Ask many Americans who’ve heard of him how they feel about Venezuela’s President Hugo Chavez, and they will describe him as a dictator, a communist, a selfish moron, evil, etc.
They often do this on the basis of the most superficial evidence from the evening news.
Once again, the American government and media have been successful at selling propaganda that is incorrect, and yet Americans still fall for it.
A grossly distorted image of Hugo Chavez has been accepted by Americans who choose to believe the lies the national media and government have to say instead of challenging the standard perception and critically analyzing what Venezuela’s President actually stands for.
First of all, one has to remember the history of Latin America and the circumstances in which a leader like Hugo Chavez emerged.
Venezuela and other countries in the region have said enough to American imperialism, free markets that benefit developed countries, the constantly growing gap between the rich and the poor, and bad economic conditions caused in part by Washington Consensus policies.
These countries are tired of inequality, poverty, disease, exploitation, torture, and repression, and have decided stand up for their people: not the elite, but the average citizen.
Chavez’s reforms have been highly criticized by the American government as well as by elites in Latin America, whose power and wealth are threatened by a leader that wants prosperity for the people at the bottom; that is, the vast majority of the population.
On scrutiny, Chavez’s political and social movement, known as the Bolivarian Revolution, was particularly designed to benefit Venezuela’s poor, which according to statistics from the International Fund for Agricultural Development (IFAD), constitute 70% of the country’s population.
Based on information gathered from Venezuela’s official government website, there are currently 19 social programs known as “missions” that have been implemented to improve social and economic conditions.
Because of limited space, I will not describe all of them, but it will be worthwhile to mention some of them. This is the untold story that you will not find reflected in mainstream media in the United States.
“Mision Arbol” (“Tree Mission”) is a government-sponsored program that promotes sustainable development, water and biodiversity conservation, and “conservationalist ethical values” for the population, especially children. Encouraging environmental awareness is the main focus of this program.
It is interesting that a rich oil country like Venezuela would have such a strong emphasis on the environment, especially in the midst of such confusion and discord about ecological initatives in more developed countries.
Another one of Venezuela’s missions is called “Mision Madres del Barrio” (“Neighborhood Mothers’ Mission”), and its purpose is to help women and their families who live in extreme poverty to get involved in productive activities, and also assist with education, health services, and food.
“Mision Guaicaipuro” (“Guaicaipuro Mission”) was established to restore the rights of the indigenous peoples of Venezuela and assure social rights such as education, health, water, and shelter. One of the program’s main focuses is to help indigenous populations develop in a sustainable way while respecting their differences and ways of achieving development.

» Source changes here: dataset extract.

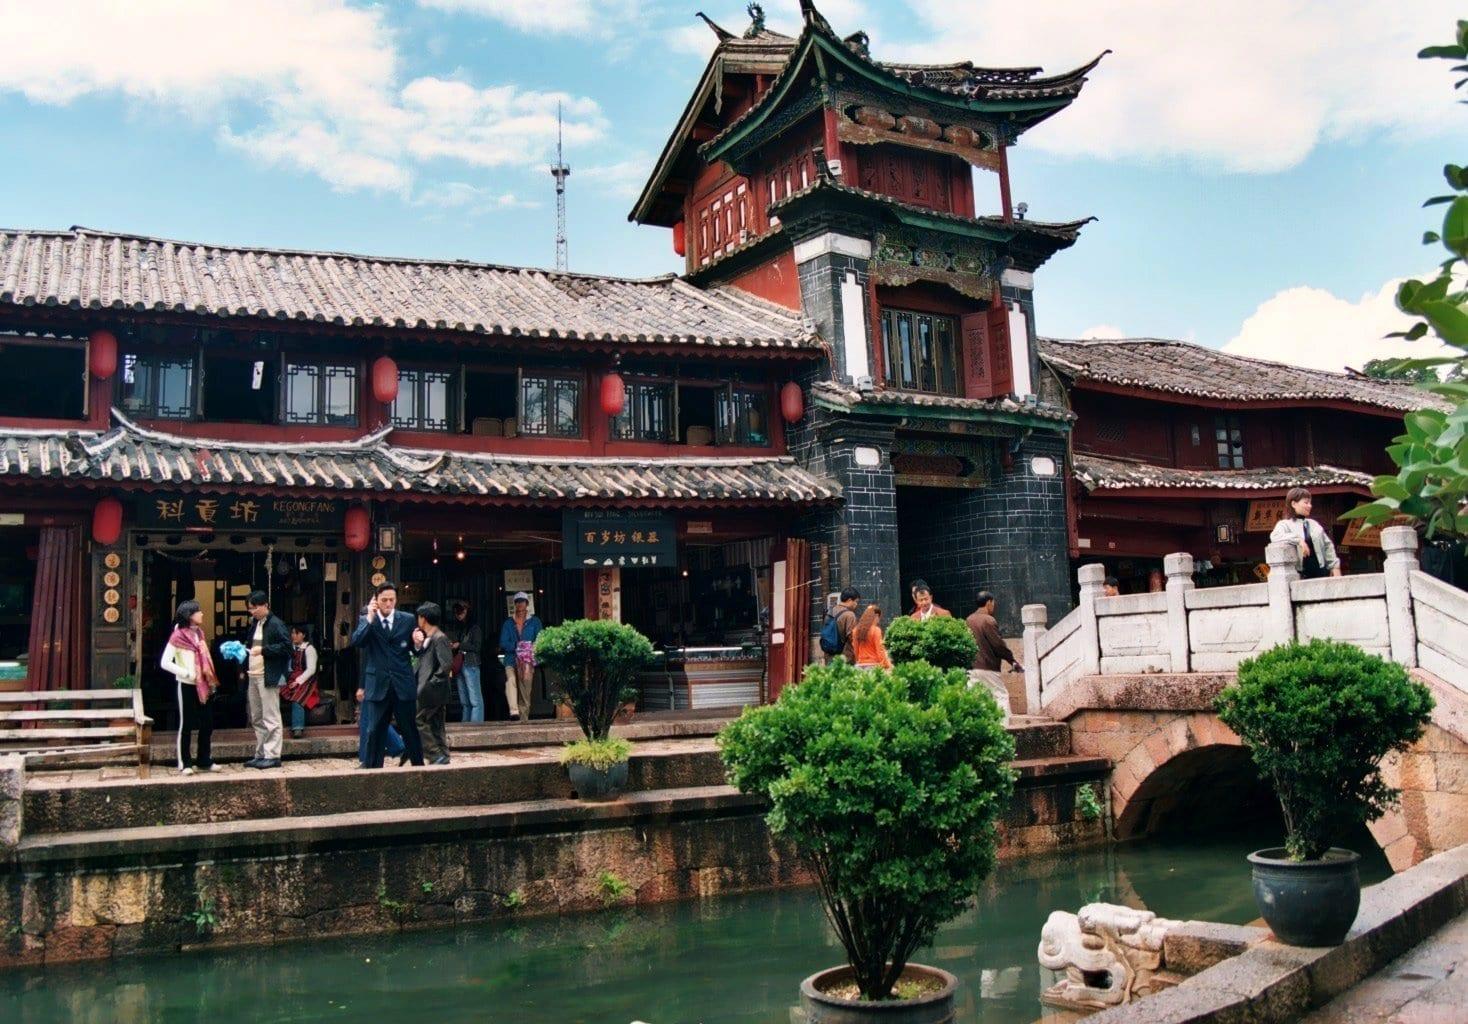 Un canal en el casco antiguo Lijian China

“Mision Sucre” (“Sucre Mission”) was established to assure that every Venezuelan citizen, regardless of his or her region and locality, has access to free higher education.
Last but not least, “Mision Barrio Adentro” (“Inside the Neighborhood Mission”) is a social program that provides public healthcare, especially in the poorest neighborhoods and localities. This program promotes better quality of life and easy access to free healthcare.
The five programs I just described are just part of Chavez’s “Bolivarian Revolution.” What President Chavez is doing in Venezuela is redistributing an economic pie that has long been enjoyed by only the few at the top.
Their understanding of this threat, and strident opposition to it, is one of the benchmarks of success for Chavez’s plan of economic development for the majority in his country.
Criticism of Chavez’s revolution is inevitable. No American or European corporation wants to see social economics in any country they profit from, and as power holders they have a big influence in government and media outlets.
You be the judge. Take a look at the programs yourself. Remember the popular support the President of Venezuela has and reach your own conclusions as to what Hugo Chavez really stands for.